After check running the command below, log into your Snowflake environment and make sure the table was created. It should have 60 rows. DO NOT RUN THIS TWICE. Otherwise, it will append the rows twice If you need to rerun it, drop the table first (from the snowflake console or here following the syntax above eg ```session.sql("drop table CREDIT_REQUESTS").collect()```

In [30]:
credit_requests = pd.read_csv('credit_request.csv')
session.write_pandas(credit_requests,"CREDIT_REQUESTS",auto_create_table='True')
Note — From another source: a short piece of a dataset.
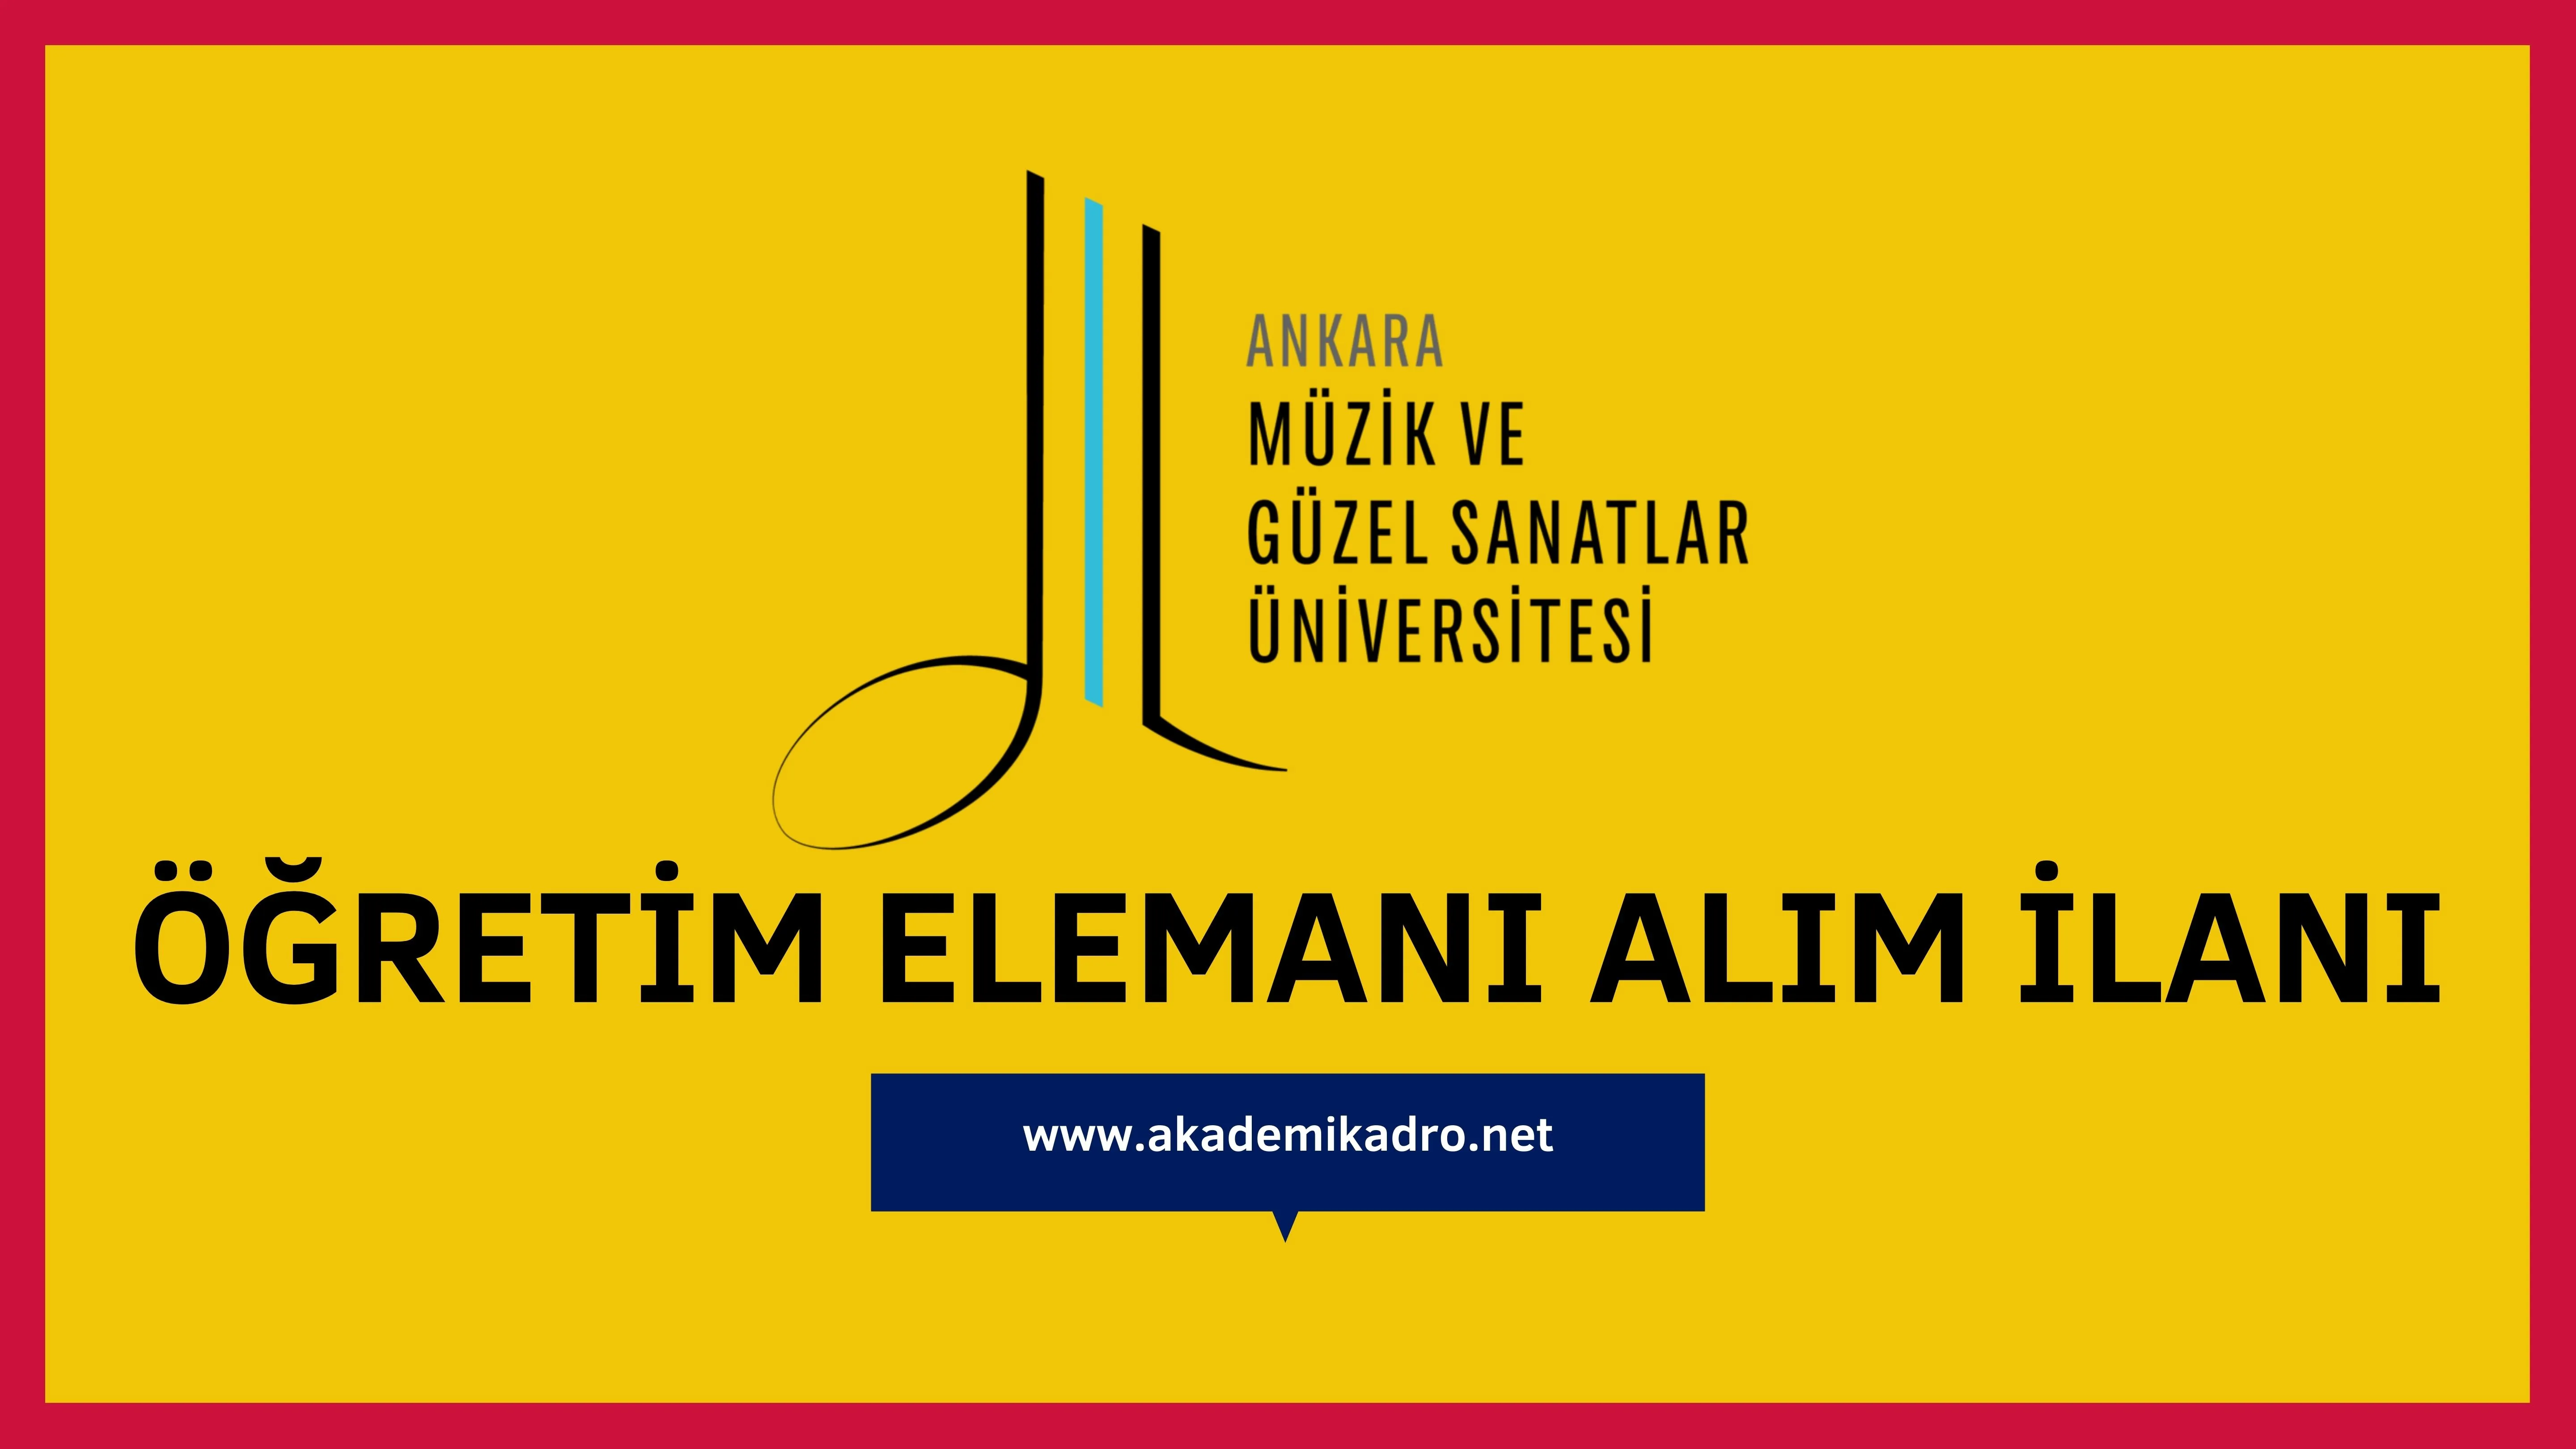 Ankara Müzik ve Güzel Sanatlar Üniversitesi 19 öğretim üyesi, 2 Öğretim görevlisi alacaktır.

<snowflake.snowpark.table.Table at 0x12919277d00>

In [31]:
credit_req_df = session.table("CREDIT_REQUESTS")
credit_req_df.schema

StructType([StructField('CREDIT_REQUEST_ID', LongType(), nullable=True), StructField('CREDIT_AMOUNT', LongType(), nullable=True), StructField('CREDIT_DURATION', LongType(), nullable=True), StructField('PURPOSE', StringType(), nullable=True), StructField('INSTALLMENT_COMMITMENT', LongType(), nullable=True), StructField('OTHER_PARTIES', StringType(), nullable=True), StructField('CREDIT_SCORE', LongType(), nullable=True), StructField('CHECKING_BALANCE', DoubleType(), nullable=True), StructField('SAVINGS_BALANCE', DoubleType(), nullable=True), StructField('EXISTING_CREDITS', LongType(), nullable=True), StructField('ASSETS', StringType(), nullable=True), StructField('HOUSING', StringType(), nullable=True), StructField('QUALIFICATION', StringType(), nullable=True), StructField('JOB_HISTORY', LongType(), nullable=True), StructField('AGE', LongType(), nullable=True), StructField('SEX', StringType(), nullable=True), StructField('MARITAL_STATUS', StringType(), nullable=True), StructField('NUM_DE

In [32]:
credit_req_df.toPandas().head()

SnowparkFetchDataException: (1406): Failed to fetch a Pandas Dataframe. The error is: to_pandas() did not return a Pandas DataFrame. If you use session.sql(...).to_pandas(), the input query can only be a SELECT statement. Or you can use session.sql(...).collect() to get a list of Row objects for a non-SELECT statement, then convert it to a Pandas DataFrame.

In [33]:
credit_req_df.toPandas().info()

SnowparkFetchDataException: (1406): Failed to fetch a Pandas Dataframe. The error is: to_pandas() did not return a Pandas DataFrame. If you use session.sql(...).to_pandas(), the input query can only be a SELECT statement. Or you can use session.sql(...).collect() to get a list of Row objects for a non-SELECT statement, then convert it to a Pandas DataFrame.